I'm so proud and happy to finally be hosting a storytelling event! All my life I've been craving the fairy tales I'm now telling regularly. I'm grateful to substitute teaching for giving me opportunity to practice, practice, practice all the amazing stories I've been filling my head with. I'm grateful to all the children on my path that give me big love for telling them. They come up to me in the halls and say, "Oh Ms. Daniel I'll never forget that story you told." And I've started saying, "And did you tell it to anyone else?"
But the need for the stories to go on is only half the point. We are, each one of us, natural born storytellers. Yet many, if not most, of the children I encounter in the public schools have never heard a story orally told to them. Modern electronic media forms dominate storytelling, yet children in classrooms act like they're starving for the old fashioned kind. They're hungry for the content of the story, made real by the pictures in their own minds, and they're also hungry to tell stories.
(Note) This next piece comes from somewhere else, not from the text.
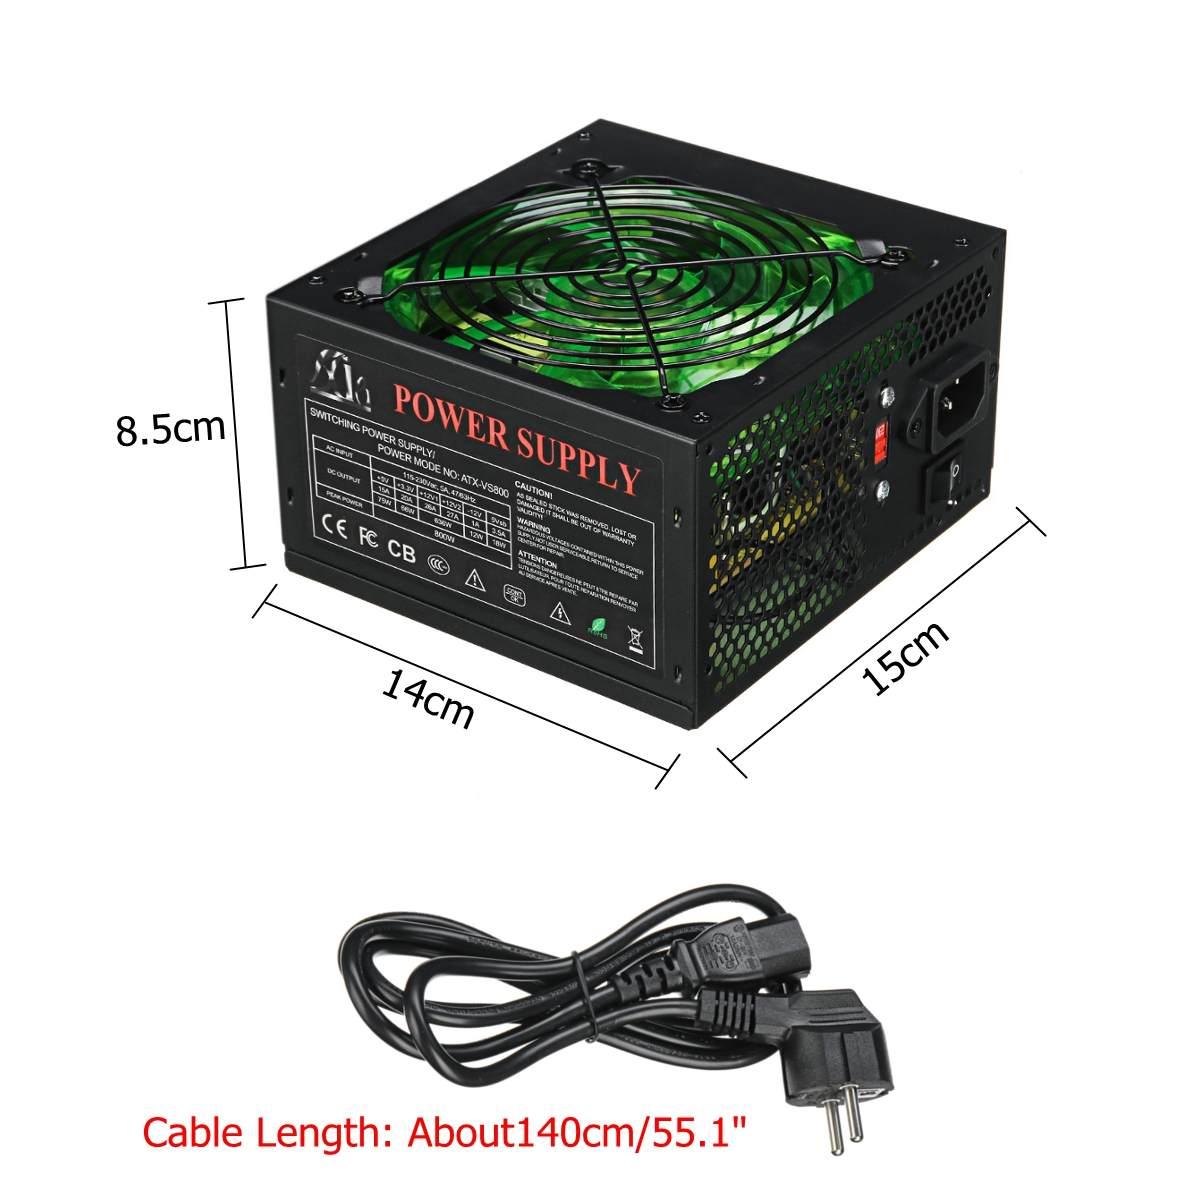 800W 110 ~ 220V Alimentation PC 12cm LED Ventilateur silencieux avec contrôle de température Intelligent Intel AMD ATX 12V pour ordinateur de bureau - 4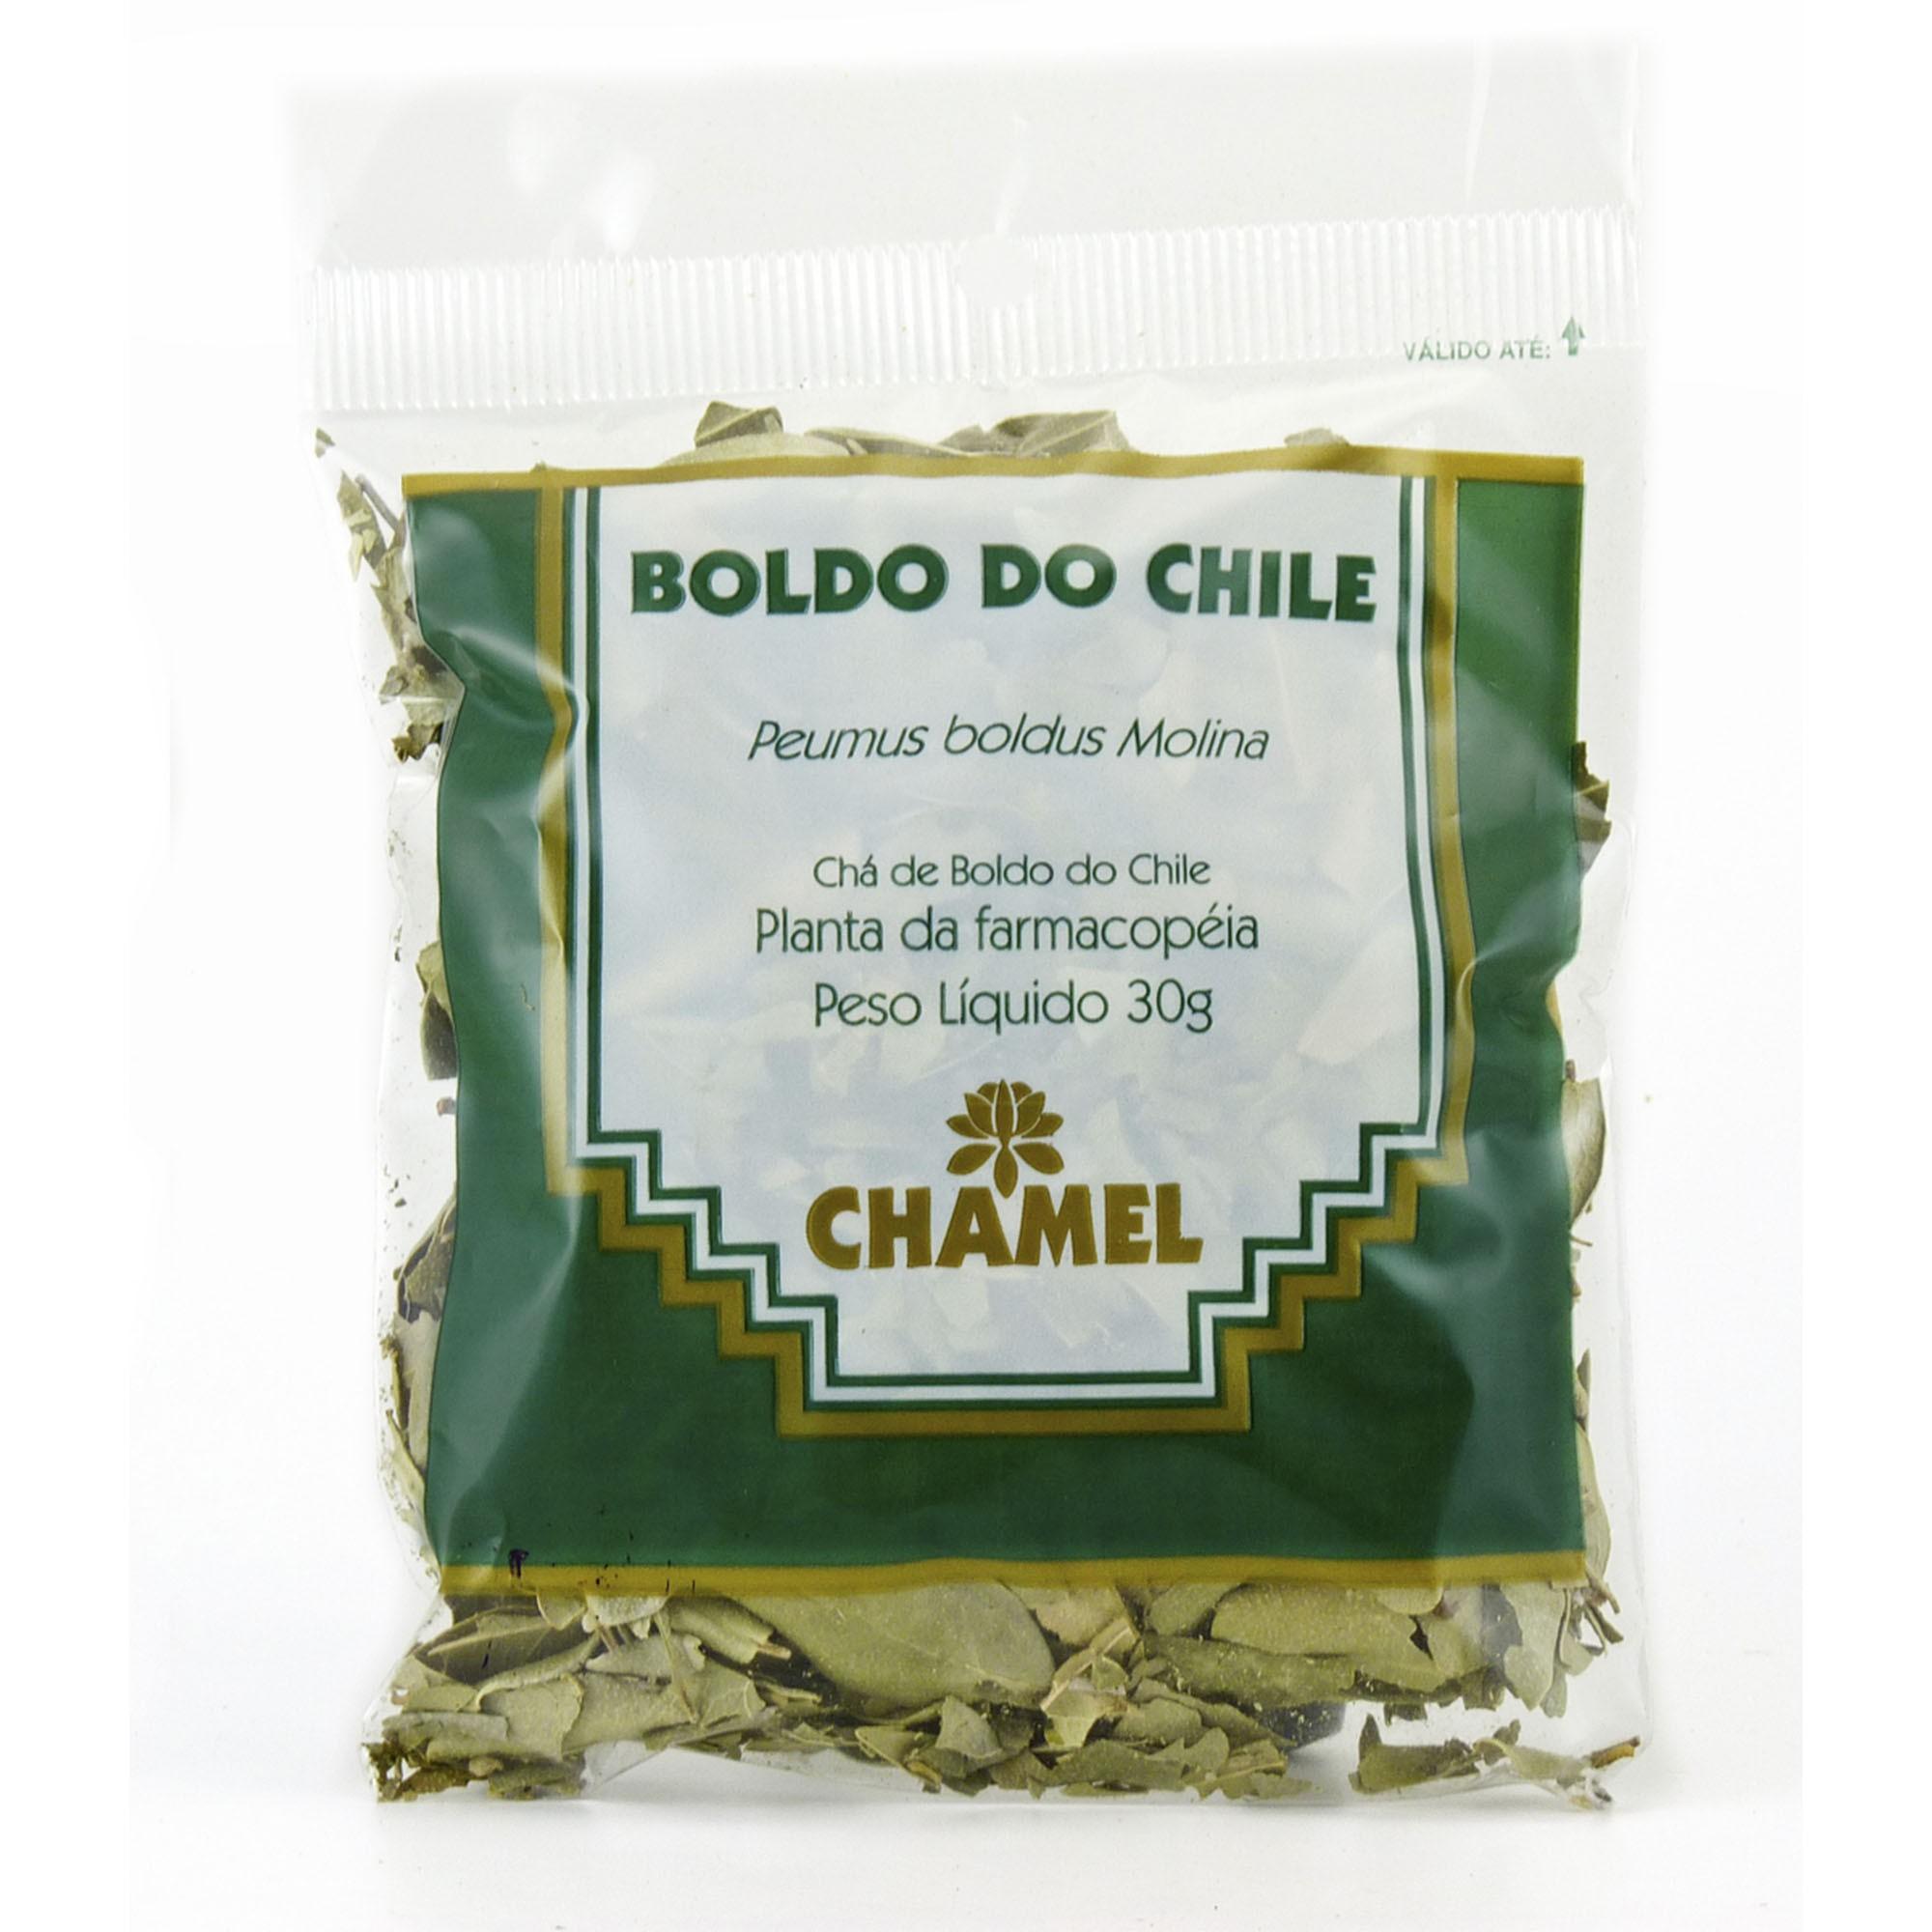 Boldo do chile 30g Chamel - Chá-Folhas

There is a whole set of skills that I've learned for doing this. I didn't grow up hearing and telling oral stories, like most of us in the modern era.
Learning to use our storytelling muscles is a joyful and powerful path. As we learn to effectively captivate an audience with a story vivid within us, we become confident, imaginative, articulate and powerful. I see the longing within each child I encounter to own these qualities.
So I want to encourage everyone, especially parents and teachers, to tell oral folk and fairy tales to their children. And I want them to encourage their children to tell stories too. There's so much value in the listening AND the telling. It's very simple: read the story until you know its details well. Then, fully imagine the sights, sounds, and emotions of the story as you tell it in your own words. Your telling doesn't have to be perfect. You'll get better as you keep working those muscles.
The Chico community is invited to Campfire Storytelling in early April. At the Campfire Council Ring in Bidwell Park, we'll gather to share the stories that we love. After that, the intention is to make it a family-friendly monthly event, free to everyone. I'm very much looking forward to hearing and sharing meaningful tales, circled around a blazing fire, just like in the old, old, old days of our earliest ancestors. May the stories be carried strongly into the future by this next generation!